式(I)の化合物は、他のチオールプロテアーゼ、例えばカテプシンB、カテプシンH、カテプシンLおよびパパインもまた、阻害する可能性がある。プロテアソームとしても公知の多触媒性プロテアーゼ(MCP)もまた、本発明の化合物により阻害される可能性があり、そのようなものとして、本発明の化合物は、MCPの阻害に応答性である疾患、障害、または状態、例えば、筋ジストロフィー、廃用性萎縮症、神経筋疾患、心臓悪液質、および癌悪液質を治療、制御または予防するための薬剤の調製に有用である。癌、乾癬、再狭窄、および他の細胞増殖性疾患もまた治療することができる。

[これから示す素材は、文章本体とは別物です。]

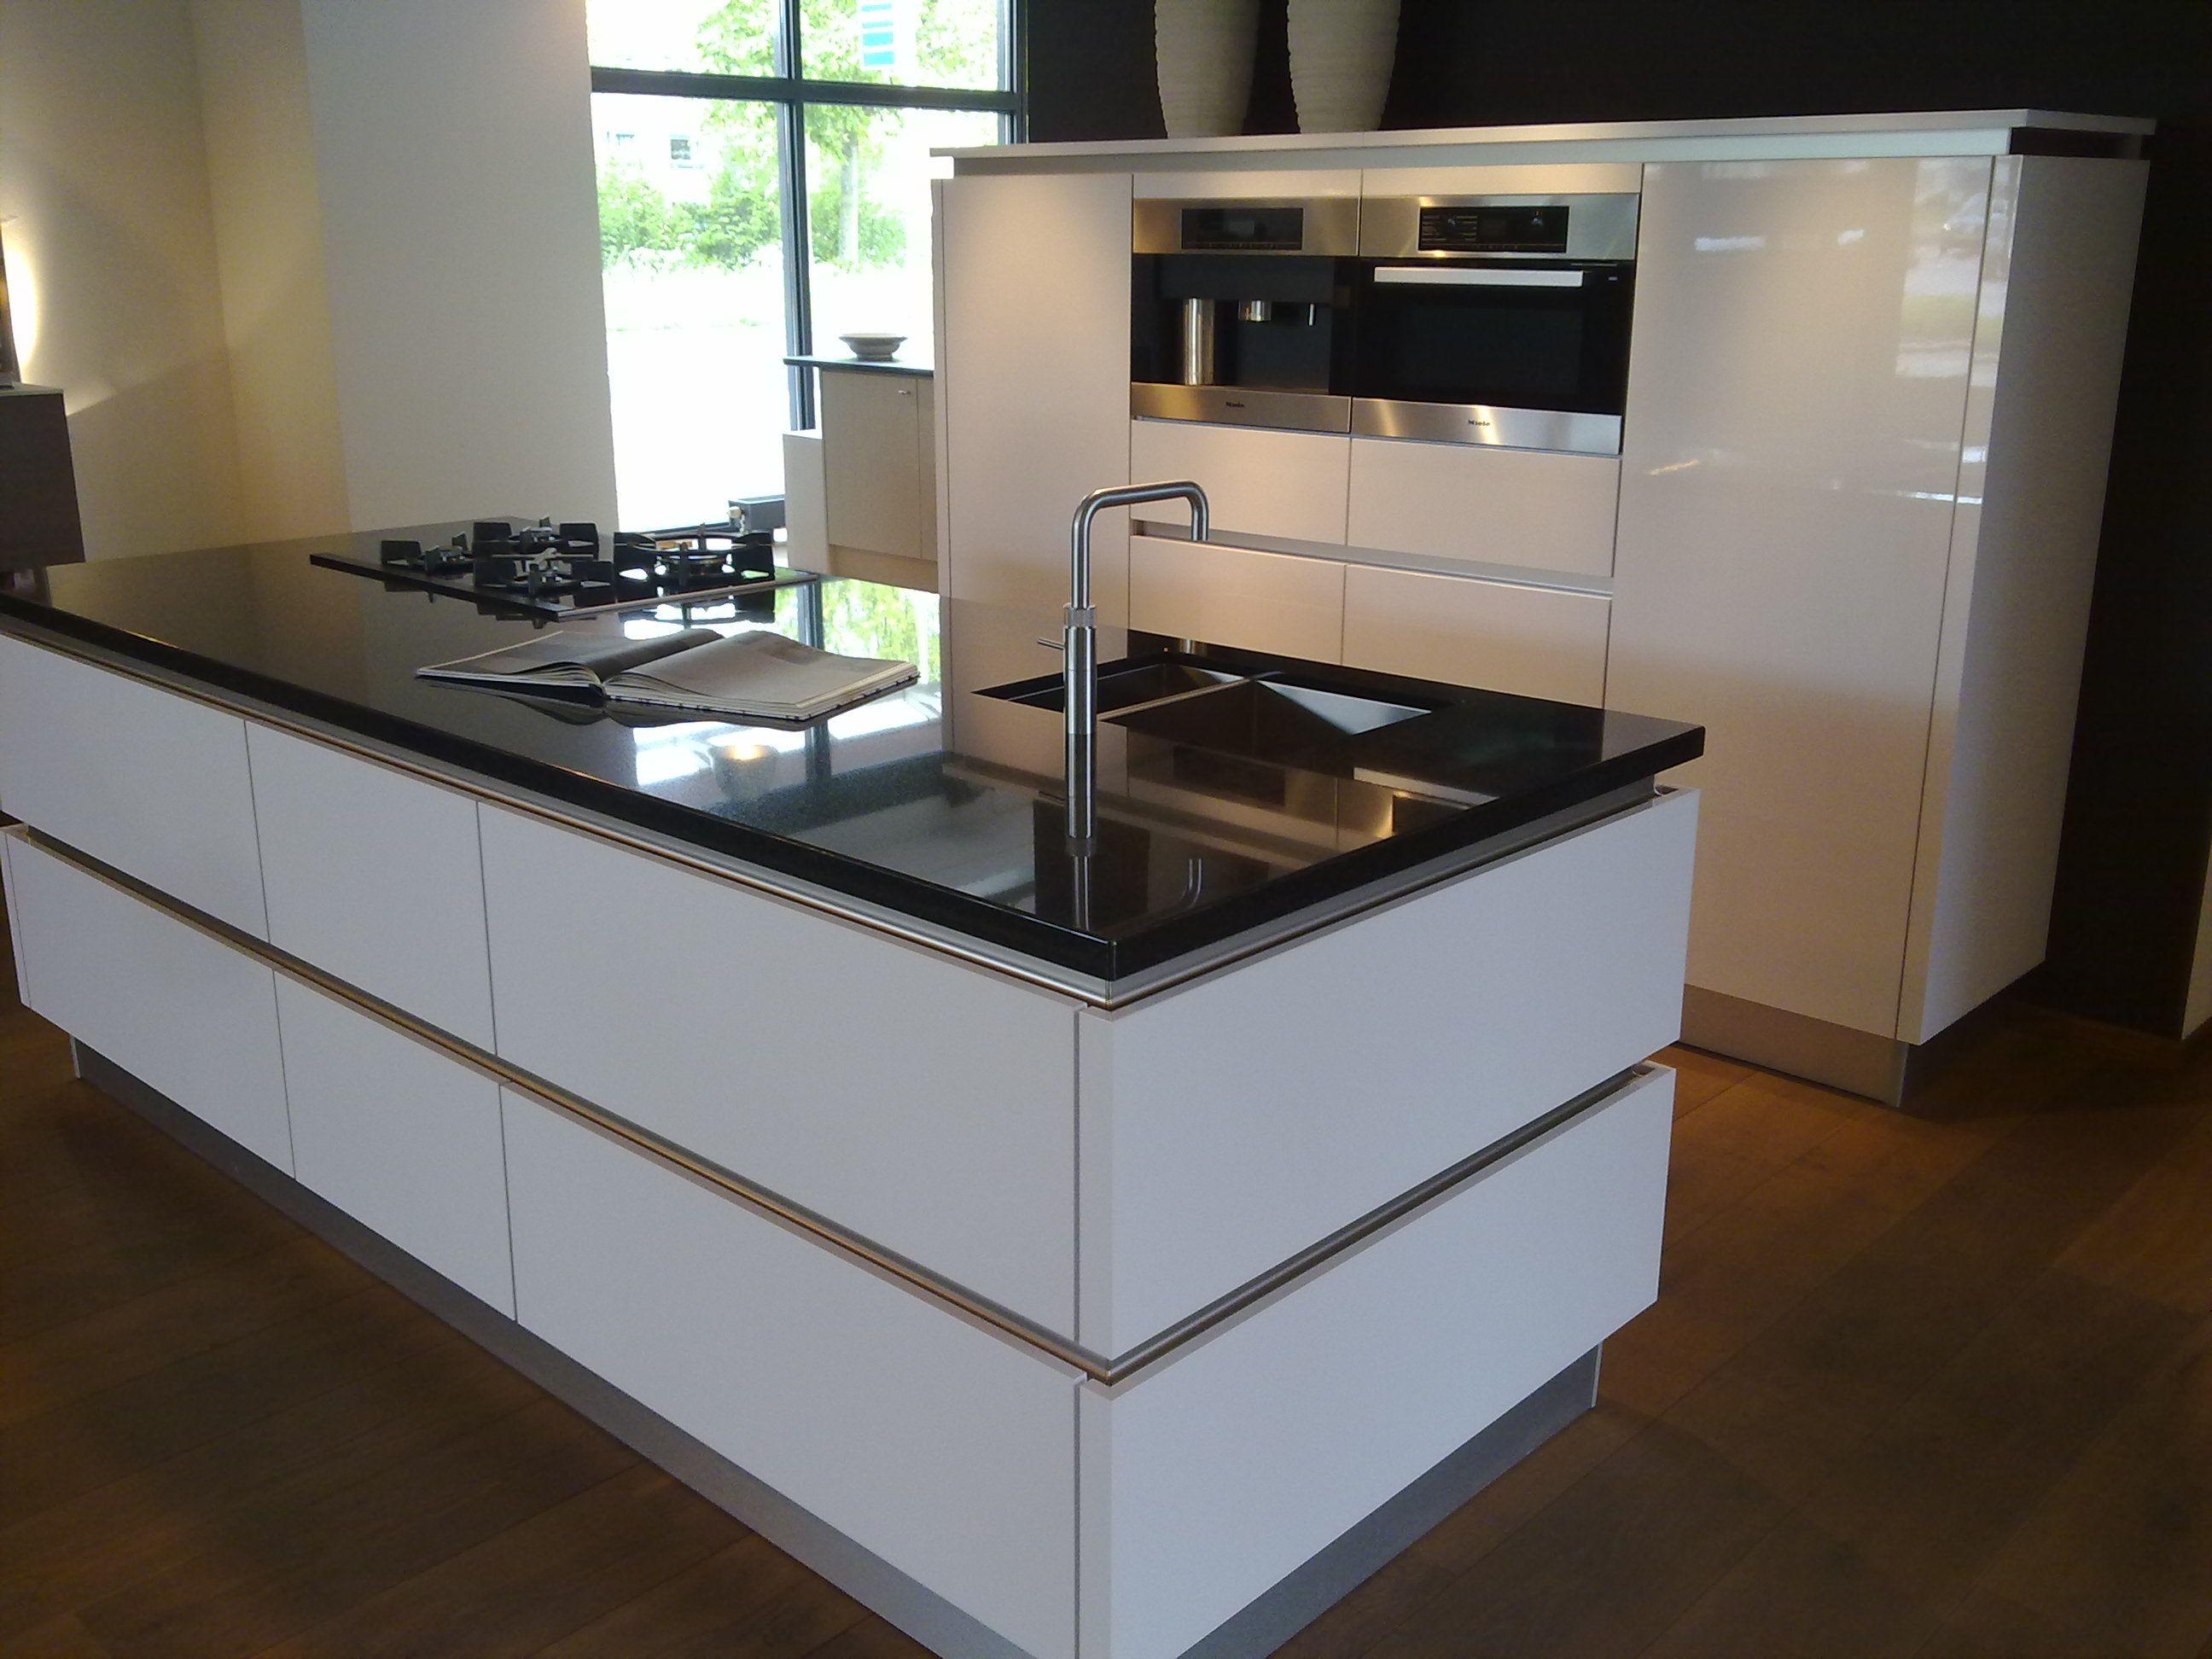 Keukenprijs altijd de beste keukenprijs keller greeploze hoogglans keuken 54220 - Model keuken ...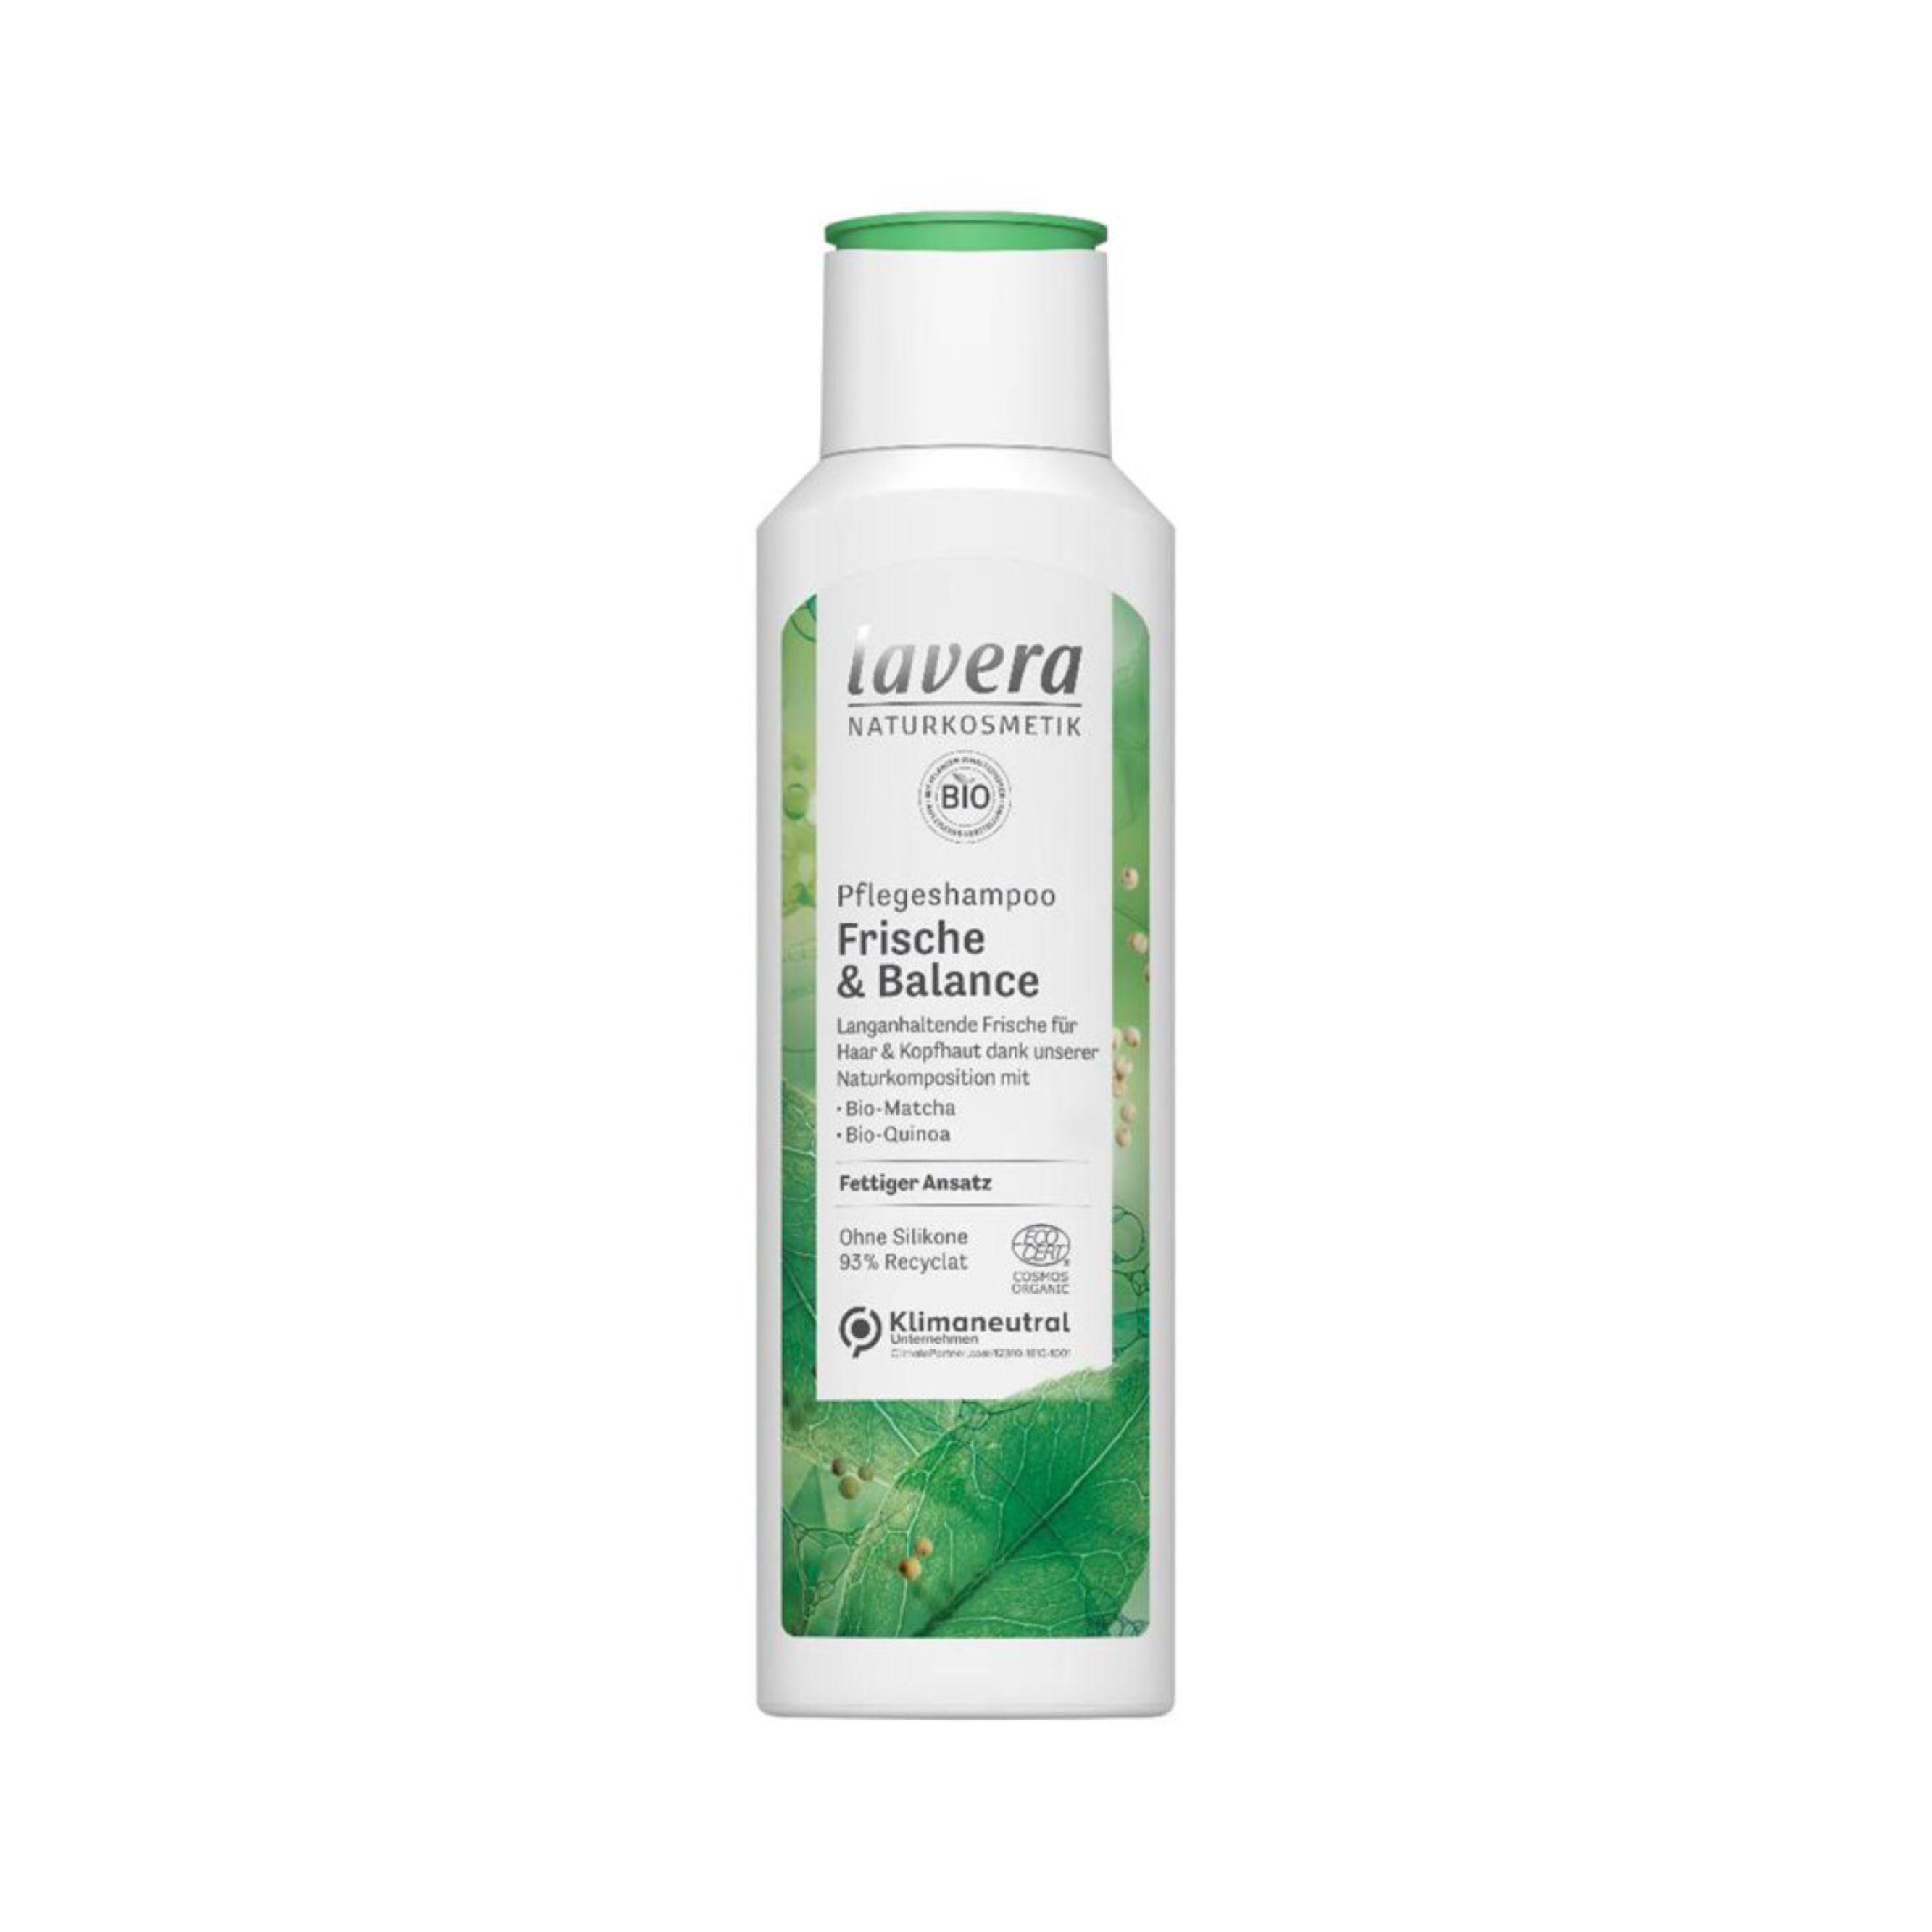 Šampón Frische & Balance 250 ml Lavera

驚いたことに、式(I)の化合物はまた、フリーラジカルを介する酸化的ストレスによる細胞損傷の阻害剤であり、そのようなものとして、酸化的ストレスの上昇したレベルが関与するミトコンドリア障害および神経変性疾患を治療するための薬剤の調製に有用である。
ミトコンドリア障害としては、Schapira and Griggs (eds) 1999 Muscle Diseases, Butterworth-Heinemannにおいて要約されている、キーンズ・セイアー症候群、ミトコンドリア脳筋症・乳酸アシドーシス・脳卒中様発作(MELAS)、赤色ぼろ線維ミオクローヌス癲癇(MERRF)、レーバー遺伝性視神経萎縮(LHON)、リー症候群、ニューロパチー・運動失調・網膜色素変性症(NARP)および進行性外眼筋麻痺(PEO)が挙げられる。フリーラジカルが関与する神経変性疾患としては、変性運動失調、例えばフリードライヒ運動失調症、パーキンソン病、ハンチントン病、筋萎縮性側索硬化症(ALS)、およびアルツハイマー病が挙げられる(Beal M.F., Howell N., Bodis-Wollner I. (eds), 1997, Mitochondria and free radicals in neurodegenerative diseases, Wiley-Liss)。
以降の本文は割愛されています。